NTSB releases preliminary report on NJ plane crash

NEWARK, N.J. - December 28, 2011

The National Transportation Safety Board released a preliminary report late Monday on the Dec. 20 crash that killed New York investment banker Jeffrey Buckalew, his wife, their two children and a colleague.

Buckalew had taken off from Teterboro Airport and was flying to Georgia. Buckalew's father said the family also had planned to fly to Tennessee to visit Corinne Buckalew's family and then back to Charlottesville, Va., where she lived with the children.

The NTSB report draws no conclusions on what caused the crash. A final probable-cause report could take a year or more to complete.

The single-engine turboprop crashed about 15 minutes after takeoff from Teterboro on a wooded median on Interstate 287 near Morristown, causing a fire. The plane's propeller came to rest next to the roadway's northbound lanes, and part of the right wing was found a quarter-mile away in a tree, according to the report.

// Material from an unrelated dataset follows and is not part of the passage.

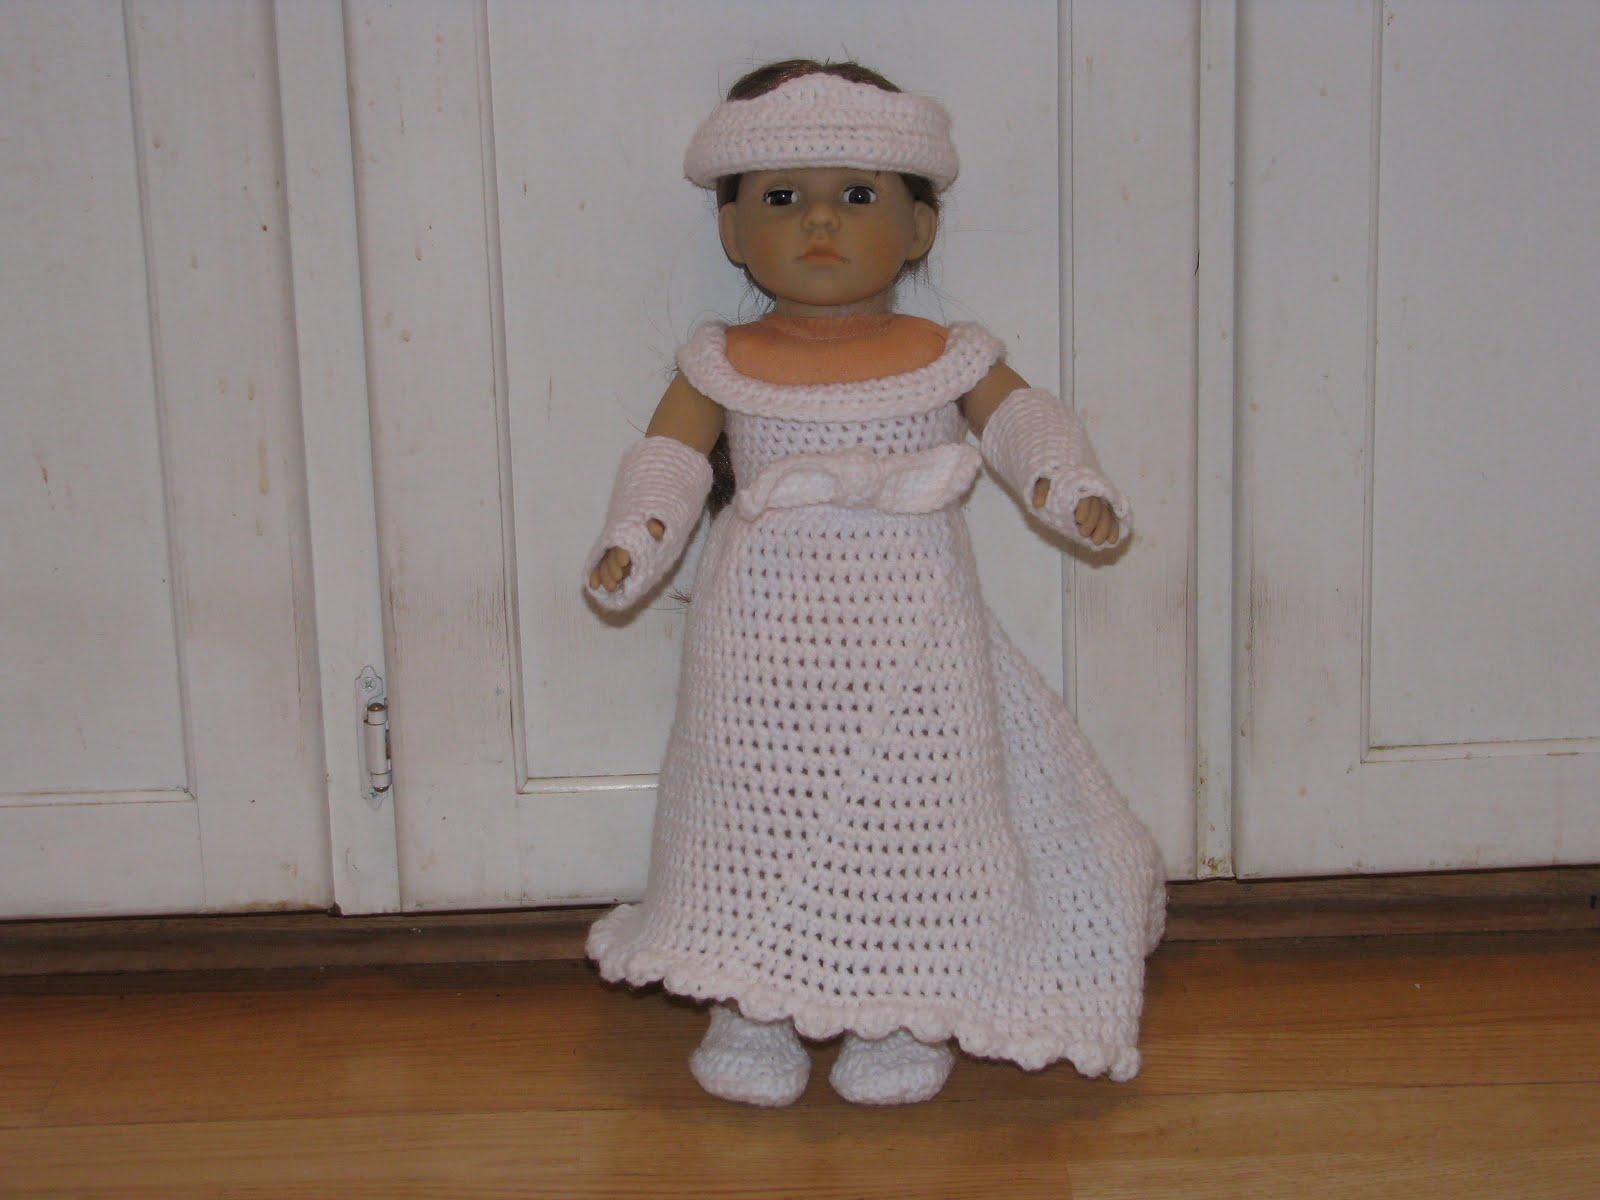 Dress Patterns For American Girl Dolls American Girl Doll Wedding

No injuries were reported on the ground.

The report describes how Buckalew radioed to air traffic controllers that he was experiencing icing at 17,000 feet and requested to climb to a higher altitude. The plane rose to 17,900 feet before descending, the NTSB said. Witnesses described the plane spiraling downward; some thought it was performing aerial acrobatics.

Audio recordings available online revealed that numerous pilots in the area around the time of the crash discussed icing issues with controllers, with some pilots saying they had passed out of the icing conditions as they climbed above 17,000 or 18,000 feet.

Buckalew was licensed to fly using instruments and had reported 1,400 hours of total flight experience on his latest certificate application in July, the NTSB report said. The Socata TBM 700 was manufactured in 2005 and had been inspected in late July. The plane had flown a total of about 725 hours at the time of its last logbook entry in mid-November.